When you’re building anything user-facing, streaming makes a big difference. Instead of waiting 3-5 seconds for a complete response, words appear as Claude generates them.

with client.messages.stream(
    model="claude-sonnet-4-6",
    max_tokens=1024,
    messages=[{"role": "user", "content": "Write a short product description for a task management app."}]
) as stream:
    for text in stream.text_stream:
        print(text, end="", flush=True)

That’s five lines added to your original code. The stream.text_stream iterator yields text chunks as they arrive. For batch processing or backend tasks where nobody’s watching, skip streaming – it adds complexity without benefit.

Choose the Right Model and Control Costs

This is where daily experience pays off. Here’s my honest breakdown of this anthropic api tutorial’s most practical section:

Model Cost (input/output per 1M tokens) Best For
Haiku 4.5 $1 / $5 Chat interfaces, simple tasks, high volume
Sonnet 4.6 $3 / $15 Most work – writing, analysis, coding
Opus 4.6 $5 / $25 Complex reasoning, multi-step problems

I use Sonnet for 80% of my API calls. Haiku handles the quick stuff where speed matters more than depth. Opus comes out for tasks where I’d otherwise need multiple Sonnet calls to get the right answer.

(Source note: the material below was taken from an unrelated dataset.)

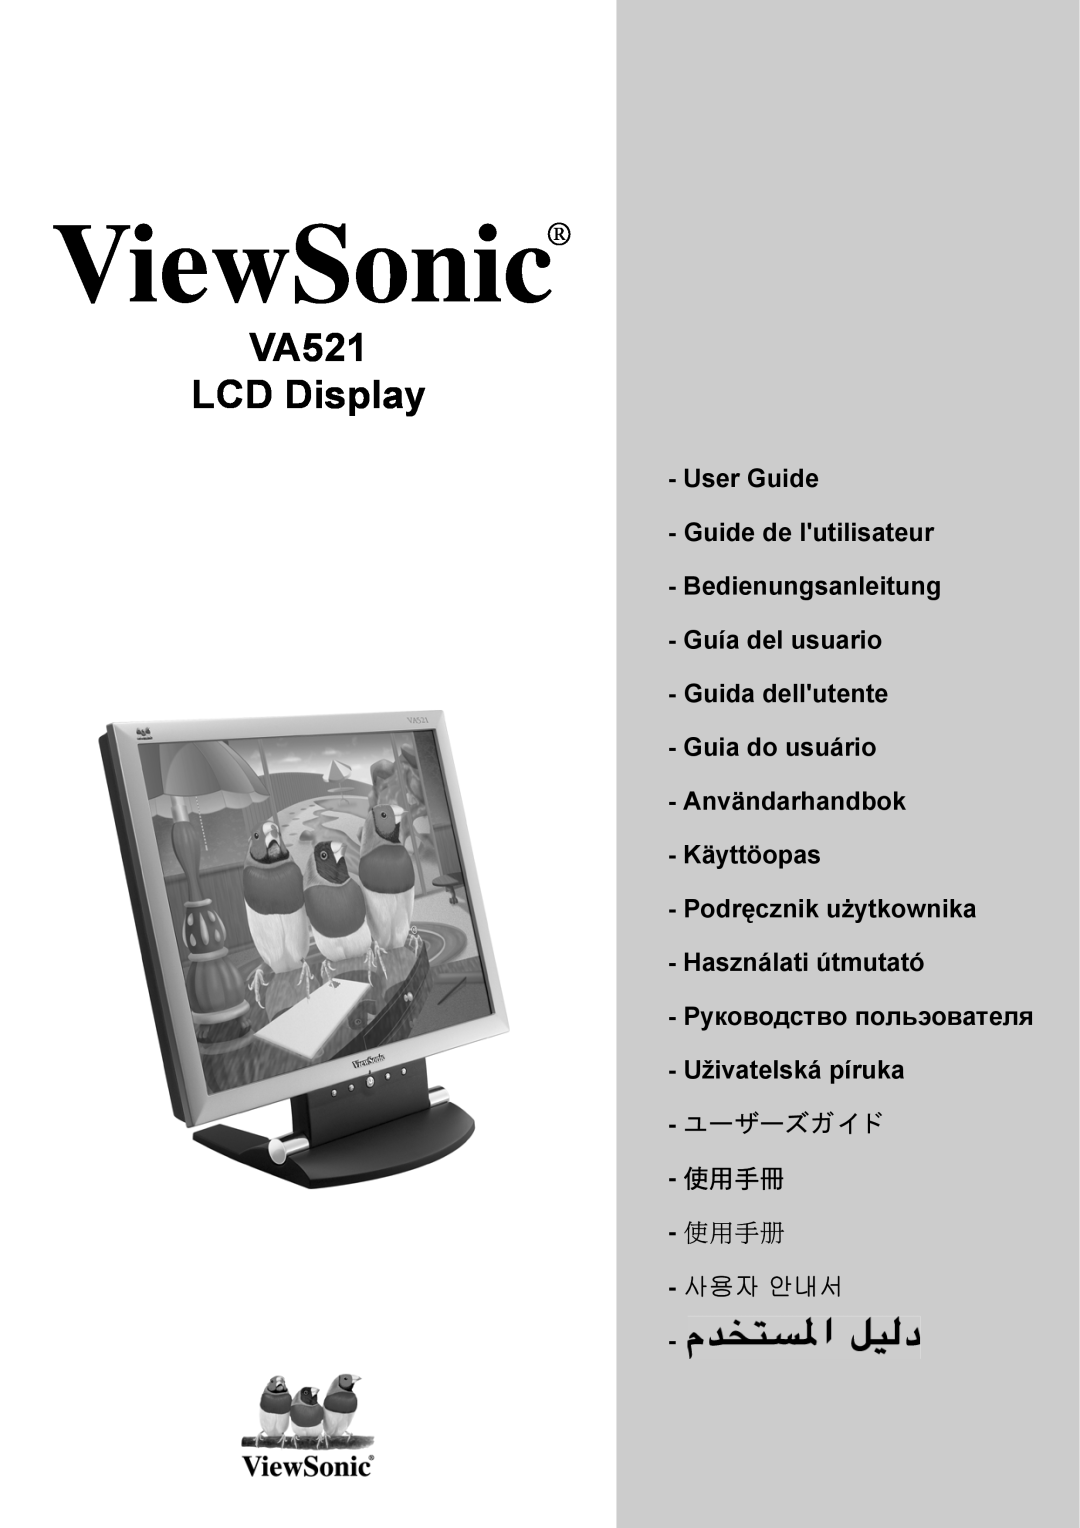 ViewSonic VA521 manual User Guide, Guida dellutente - Guia do usuário Användarhandbok Käyttöopas, ViewSonic, ユーザーズガイ ド

Two Cost Controls I Use Every Day

1. Set max_tokens intentionally. If you need a one-paragraph summary, set max_tokens=300, not the default 4096. I’ve cut my API bills roughly in half just by being specific about output length.

2. Use prompt caching for repeated system prompts. If you’re building a chatbot that sends the same system prompt with every request, caching saves up to 90% on those input tokens:

message = client.messages.create(
    model="claude-sonnet-4-6",
    max_tokens=1024,
    system=[
        {
            "type": "text",
            "text": "You are a customer support agent for Acme Corp...",
            "cache_control": {"type": "ephemeral"}
        }
    ],
    messages=[{"role": "user", "content": "How do I reset my password?"}]
)

That cache_control flag tells the API to cache your system prompt. On subsequent calls, you pay a fraction of the input token cost. I’ve accidentally run up $50 bills before discovering this. Don’t be me.

What’s Next

You’ve got a working integration from this claude api tutorial. From here, the three things worth learning next:

  • Conversation memory: Pass previous messages in the messages array to maintain context across turns
  • Tool use: Let Claude call functions you define — this is how you build agents and AI automations that run without manual intervention
  • Error handling: Wrap calls in try/except for anthropic.APIError and implement exponential backoff for rate limits

The official Anthropic docs are genuinely well-written (rare for API docs). But you don’t need to read them cover to cover. You’re running. Now build something.